Я пришел к себе и зажег свет. Вот она, картинка, в прозрачной пленке, над моей постелью. Папа, с руками закорючками, с огромными глазами, больше похожий на веселого разбойного пирата в модном галстуке.

«Папачка солнышка мае нинагляная скарей вирнис»... Он однажды прислал мне, когда я был в отъезде. Я с тех пор вожу эту картинку всюду. И на этот раз она летела и тонула вместе со мной.

Солнышко мое ненаглядное, мальчик мой, где же ты?... Бегаешь к дверям на каждый звонок? Ждешь на скамеечке у подъезда, как ждал меня зимними вечерами, чтобы взять за руку на скользкой ступени, мокрой от снега варежкой, повести в дом. И никто не может сказать, где я, когда вернусь...

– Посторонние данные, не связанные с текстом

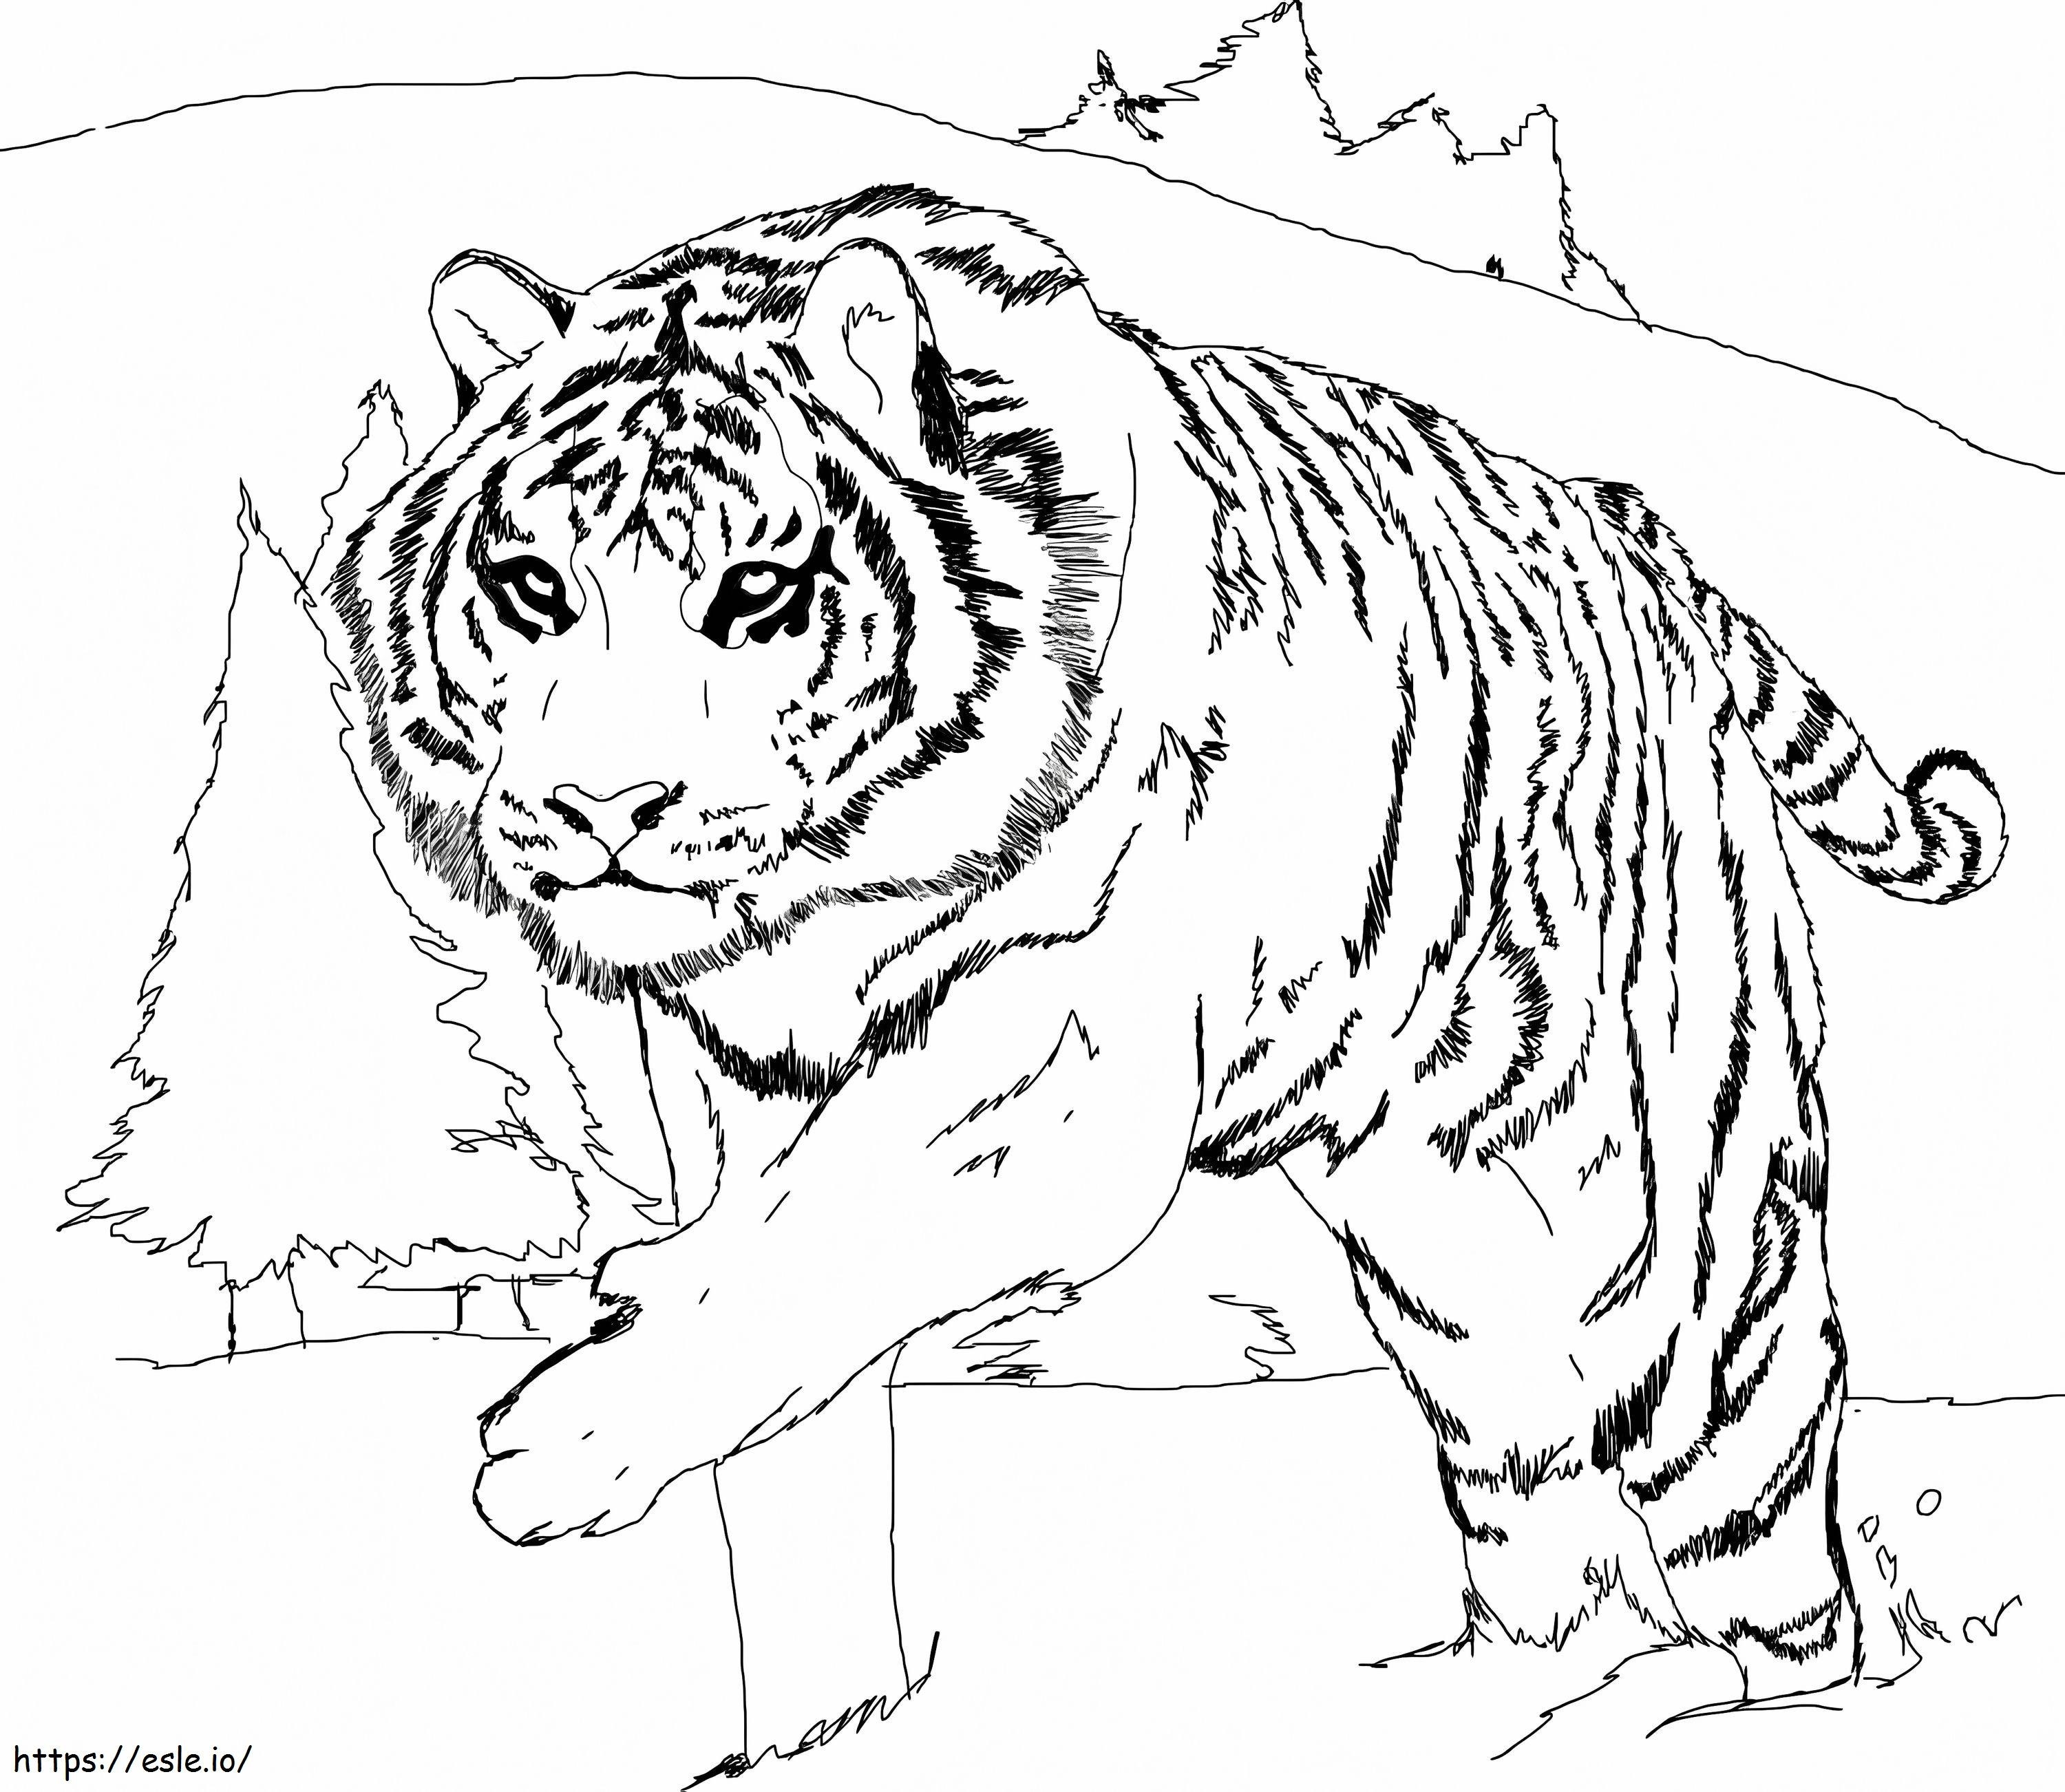 Tigre branco para colorir

Помню, как ты услышал обрывок передачи. В ней бодренький тренированный голос учил: «Дорогие дети! Около вас и добрый учитель, и ласковая мама...». Ты замер на мгновенье посреди пустой комнаты и сказал сам себе: «и ласковый папа». Не замечая, что я пришел и вижу тебя... Слышу тебя...

Как я хочу войти. Снова так же незаметно войти. Как я хочу...

Всегда ли я был к тебе таким же, как ты?

Маленький мой, крохотка моя, ты одарил меня самым дорогим бесценным сокровищем – настоящей человеческой привязанностью. А я? Всегда ли я мог уберечь ее в холодной обыденности от равнодушия, от предательства, уберечь несравнимую ни с какими благами радость?...

Вижу тебя на горячем пляже. В панамке меньше моей ладони. Мы встали, чтобы уходить. Я застегнул ремешки на твоих сандаликах и посмотрел вокруг, отыскивая мои стоптанные джимми. Ты взял, огромный старый шлепанец, порванный по краям, понес ко мне, чтобы надеть на мою ногу, застегнуть ремешок пальчонками, осыпанными пляжным песком. Но в эту минуту на меня глянула морская дива с оттененными ресницами, с гибким импульсным телом. А сандалия была такой жалкой рванью, что я начал отнимать ее у тебя, загораживать собой... И ты заплакал от обиды, убежал вместе с моими сандалиями к морю. Я поспешил за тобой, утешая, уговаривая, смеясь...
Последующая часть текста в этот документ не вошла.